We may need more features. Try adding the input node capturing the X2 feature and run this model for 200 epochs.

Is the Test Loss better now (Test Loss is the loss function of the test data).
The Output prediction is quite different now; look at the neurons and consider how adding the X2 Feature changed the other neuron outputs.
It seems to have quite a different fit - will adding more neurons make it even better?

Exercise 33-3

Two neurons may not allow for enough flexibility. Add more neurons to the hidden layer and run the model for 200 epochs.

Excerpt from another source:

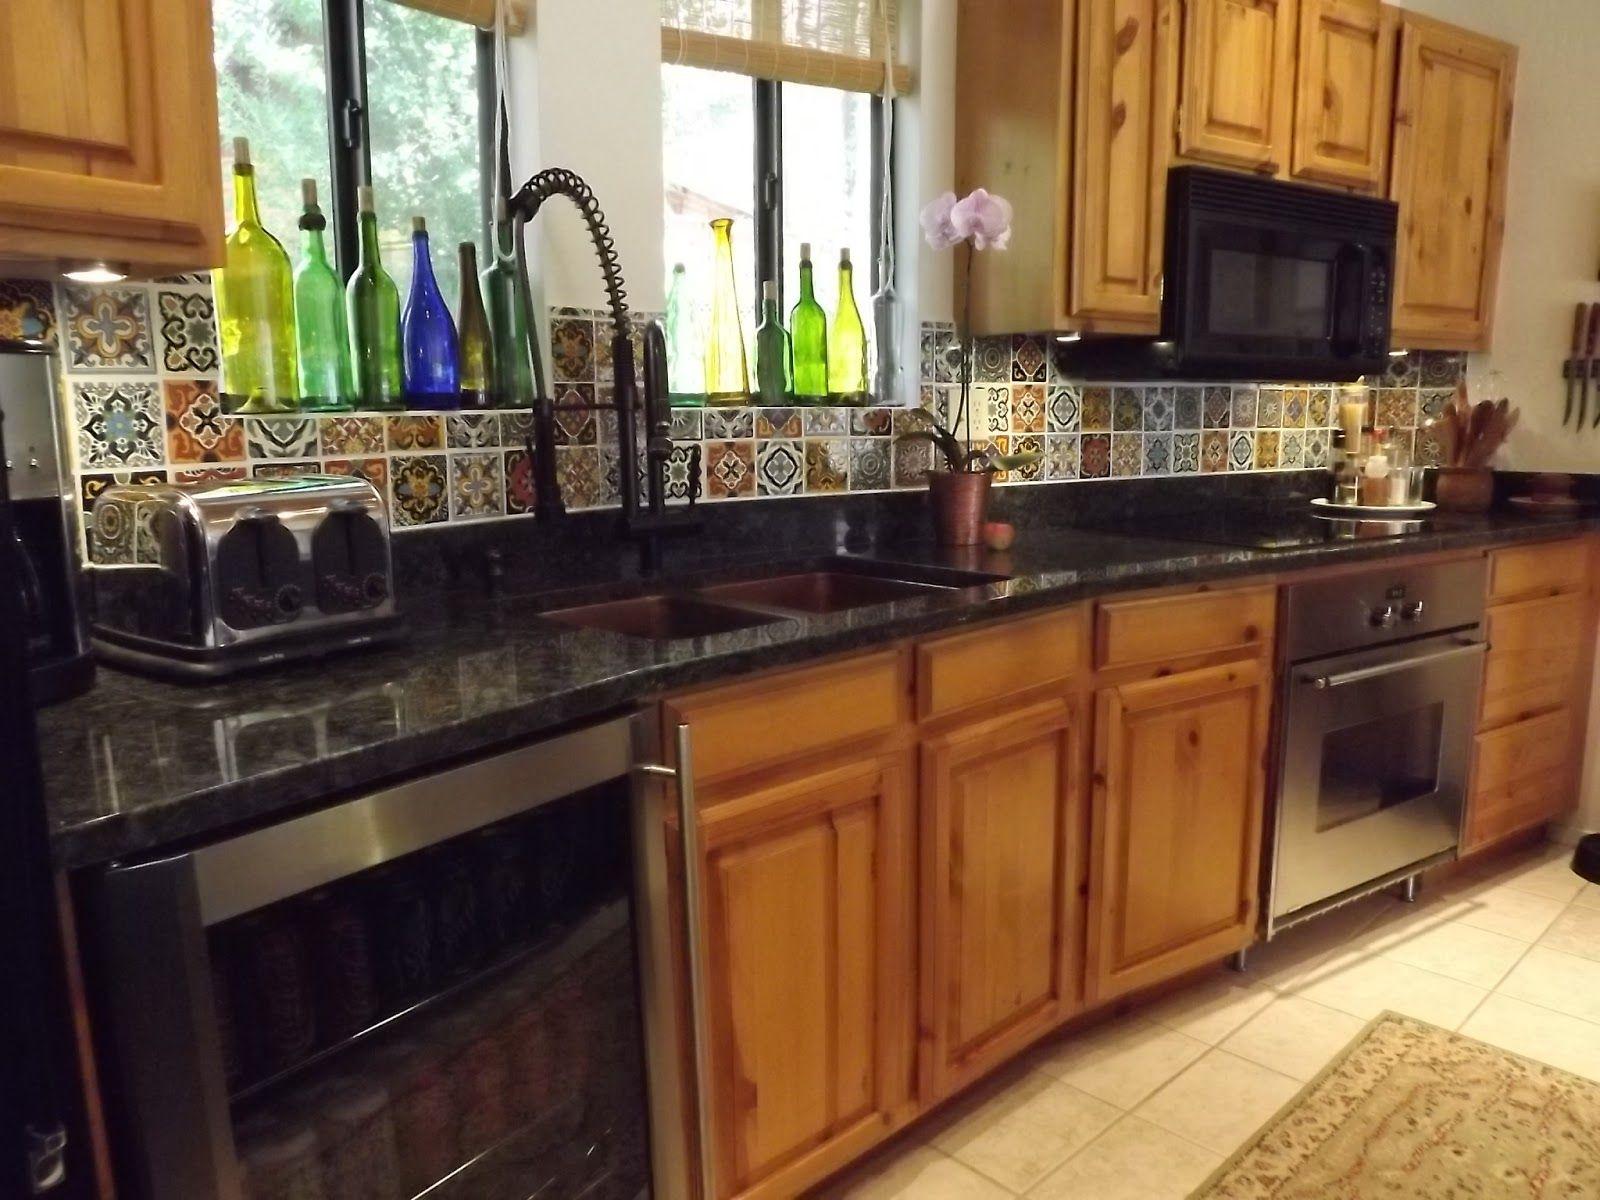 Mexican Tile Kitchen Backsplash DIY | Mexican tile kitchen ...

How many neurons must you add to gain Test Loss under > 0.005?

Exercise 33-4

Now lets see how good you are:

Challenge: How low can you go in total Neurons and Features and still produce a good fit (Test Loss under 0.005)? Consider which features work well with the data especially.
Challenge: Try creating a model that performs poorly despite having at least three features and four neurons (poorly being Test Loss over 0.1).

Exercise 33-5

The ring-shaped classification problem is relatively easy (for neural networks). Now, it is time to challenge it with a more complex problem. Pick the spiral pattern (bottom left option under Data). This pattern is much more complicated, so a Test Loss below 0.05 (rather than 0.005) is good. Using more Features and Neurons will also take longer for each epoch, so you need to be more patient. It also requires more Epochs to train, so wait for 500-1000 Epochs before deciding how well the network performs. While you wait, you can watch the Test Loss graph in the output panel.

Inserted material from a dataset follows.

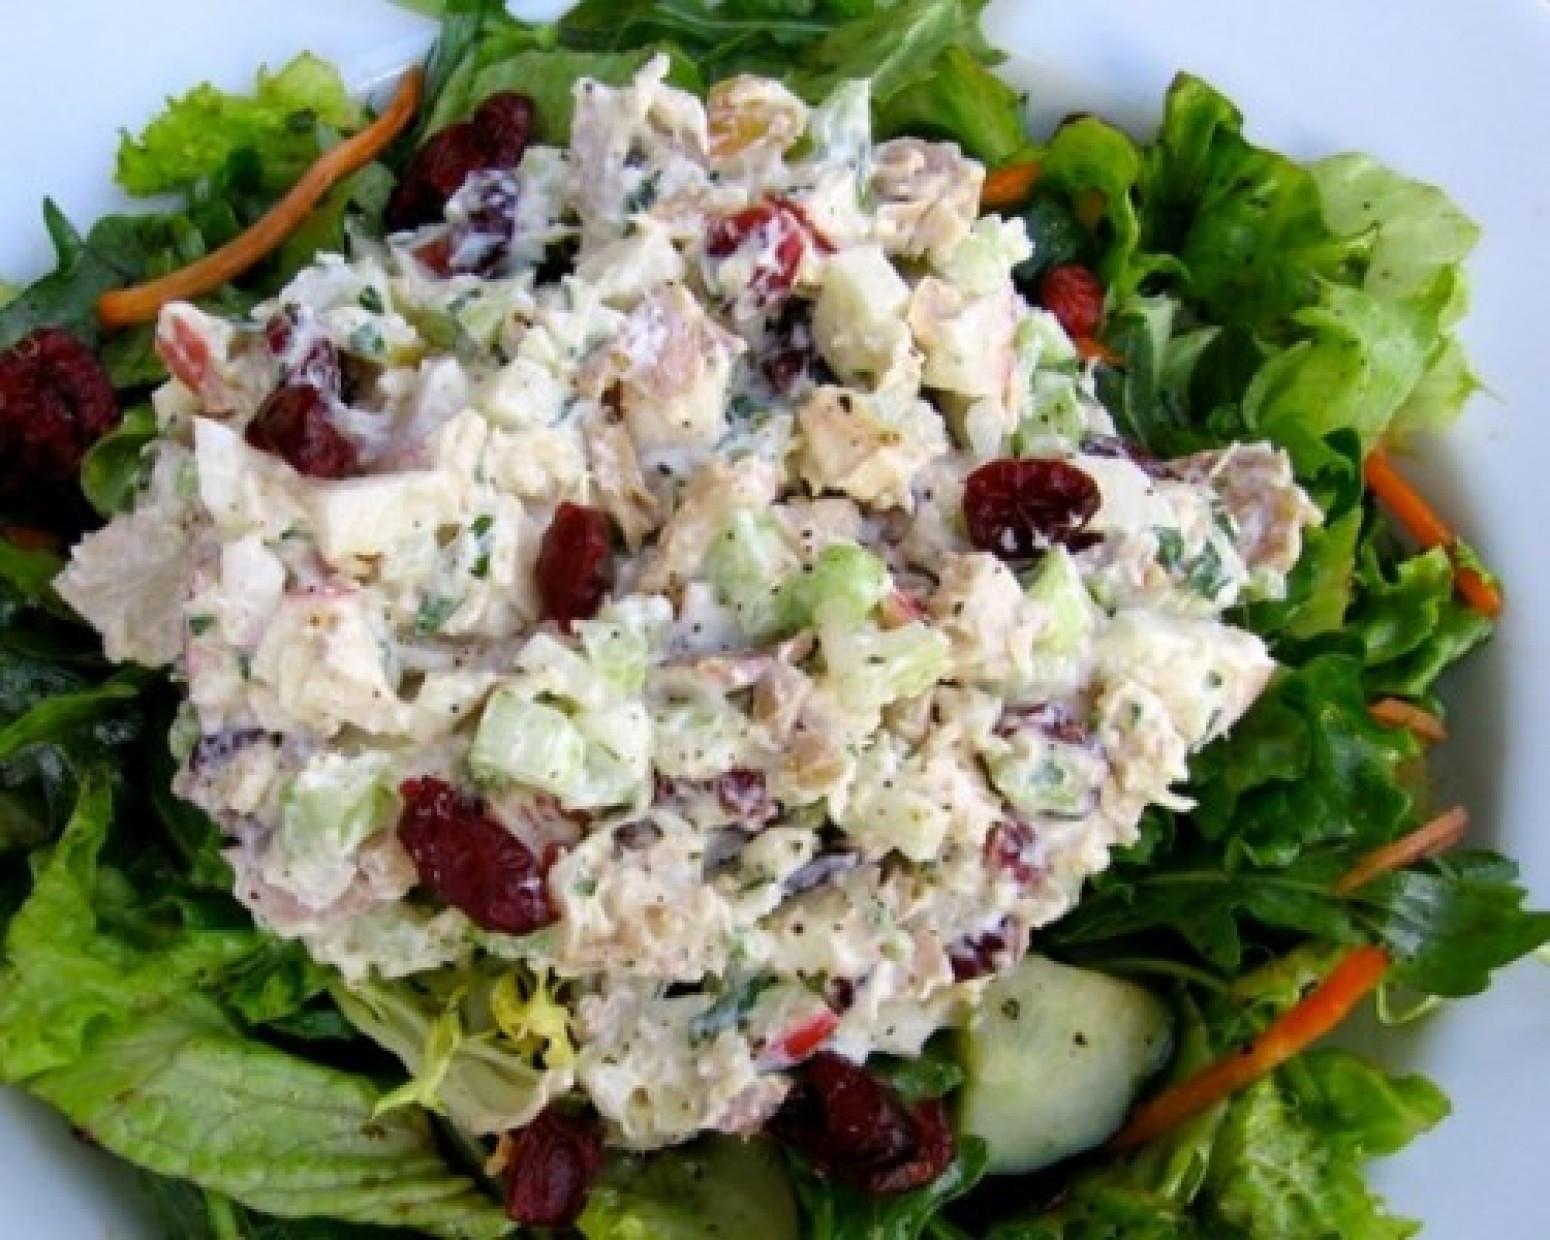 Chicken Salad Recipe Healthy  Healthy Chicken Salad with Apples & Cranberries Recipe

Try fitting a model using all features, and decide how many neurons and layers to use. How many neurons do you need to do a good fit? Hint: You may need more than one hidden layer.
Look at the neurons in the last layer - does any of the neurons reflect the spiral of the data well?
Try removing some of the features the network uses the least - does it still perform well?
Summarize the changes you had to make to the network to make it fit the spiral data. Do these changes capture the non-linear pattern in the data?

Exercise 33-6

Let’s wrap up with a different kind of problem - regression. In contrast to classification, we do not try to predict a discrete class but rather a specific numerical value. At the top left, click on problem type and choose “Regression”. Of the datasets, pick the more difficult dataset to the right, listed as “Multi Gaussian”. Include only the X1 and X2 features, but try different network architectures. Let the training run between 200 and 500 Epochs when testing your network.

Can you get the Test Loss below 0.005 with only a single hidden layer?
Does adding more hidden layers improve the model?
Which additional features enhance the model the most?
Does the addition of some features only improve models with more than one hidden layer?